A team from Genethon used an artificial intelligence approach to develop an optimized gene therapy vector able to target muscle tissue specifically. Their innovation, tested in Duchenne muscular dystrophy and limb-girdle muscular dystrophy models, opens new, promising perspectives for improving the efficacy and safety of treatments for neuromuscular diseases. It may also be deployable for gene therapies targeting other tissues.
In gene therapy, a vector is needed to get the therapeutic gene and its regulatory sequences to the concerned cells. Currently, the most efficient vectors are viruses that have been re-engineered to remove any pathogenicity and render them apt for transgene delivery. In neuromuscular diseases, adeno-associated viruses (AAVs) are most frequently used. That virus’s genetic material is enclosed in a proteinaceous shell called a capsid. This latter plays a key role in the virus’s—and thus the vector’s—ability to target particular cells. However, the true specificity of that targeting ability of AAVs needs to be improved to reach their full potential as therapeutic vectors. Indeed, in neuromuscular diseases, very high levels of vectors are needed to bring enough of them to the targeted muscle cells, but this causes an overflow of vectors that ends up in the liver, causing a risk of hepatic complications.
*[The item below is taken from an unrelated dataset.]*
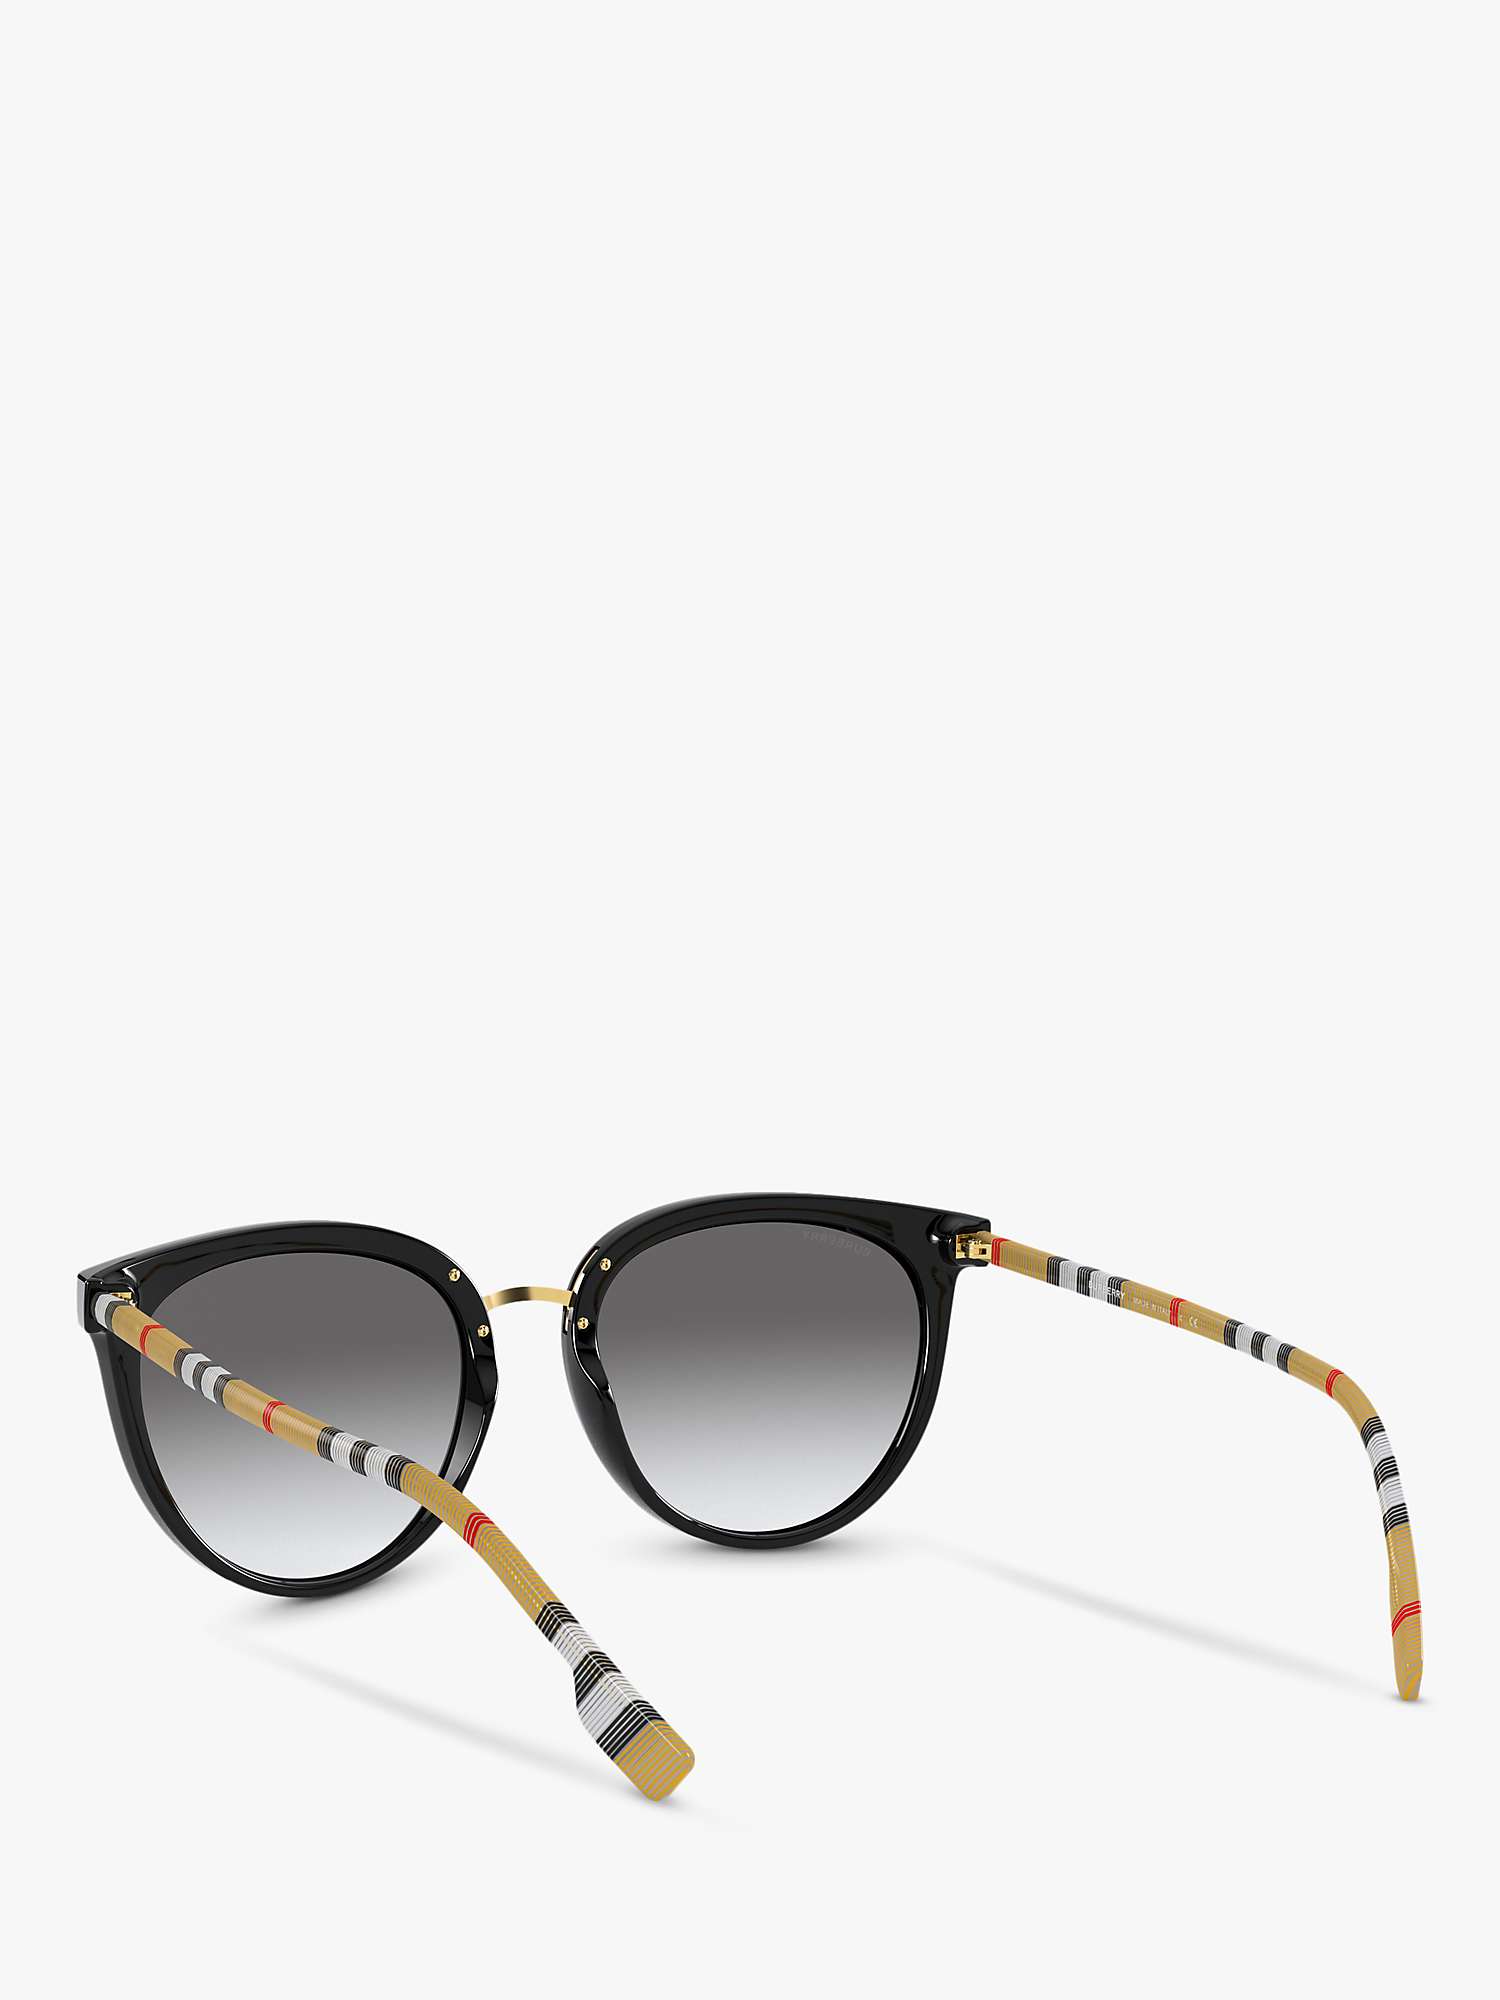 Buy Burberry BE4316 Women's Oval Sunglasses, Black/Grey Gradient Online at johnlewis.com

To address that problem, Genethon’s “Progressive Muscular Dystrophies team“, headed by Isabelle Richard, has developed an innovative, artificial-intelligence-based method for the development of gene therapy vectors able to more specifically target skeletal muscle, thus improving the efficacy and safety of the treatment.
Their work was published on 11 September 2024 in Nature Communications and had been presented in part by researcher Ai Vu Hong at a conference entitled “Optimizing innovative therapies: Therapeutic targeting and combinatorial strategies”, co-organized by Genopole and the University of Évry Paris-Saclay and held on 2 July 2024.
LICA1: a promising vector born of artificial intelligence
The team’s innovation involves the modification of the AAV capsid so that it specifically recognizes an integrin complex named αVβ6, which is particularly abundant on the muscle cell surface. The in silico method for protein conception involved modifying a characteristic protein on the capsid by adding a binding motif to it, one specific to αVβ6, and modifying its surrounding amino acids (see image).
These changes also improved the protein’s stability and folding, and thus the stability of the vector.
Of six variants conceived in silico, then produced and studied, one, named LICA1, appeared particularly promising. The research team thus tested that vector in vitro on human differentiated muscle cells and thereafter in animal models of Duchenne muscular dystrophy and limb-girdle muscular dystrophy. They found that it was indeed able to effectively deliver and express therapeutic transgenes.
20-fold fewer vectors and greater efficacy than with current AAVs in muscular dystrophy models
More precisely, the LICA1 vector presented muscle transduction efficacy significantly higher than that of current vectors, even at doses 20-times lower than those normally required. In murine muscular dystrophy models, LICA1 was able to transduce more than 80% of muscle fibers and confer a notable improvement in muscle function. It reduced muscle lesion biomarkers by 57.5% and 67.2% in Duchenne muscular dystrophy and limb-girdle muscular dystrophy models respectively. Moreover, it provided the most favorable muscle-to-liver transduction rate among all of the tested AAVs, thus minimizing adverse effects associated with vector accumulation in the liver. This increased specificity for skeletal muscle was confirmed in histological and transcriptomics analyses, underlining LICA1’s increased effectiveness for correcting dystrophic phenotypes, transcriptional dysregulations and muscular function in dystrophy models.
A validated approach extendable to other organs and diseases
The results of this study suggest that LICA1 may be able to improve muscular dystrophy gene therapies by offering better vectoral efficacy and safety. It could help reduce treatment dosages, which has great importance for minimizing not only adverse effects but also treatment costs, making gene therapies more accessible to patients with myopathic diseases.
More generally, the work done by the Genethon team underlines the potential of associating artificial intelligence with viral vector engineering expertise to improve specificity, efficacy and safety in gene therapies. The methodology developed by the Évry team for selecting pertinent receptors and using artificial intelligence to design a thereto-tailored capsid is also applicable for other systems and diseases.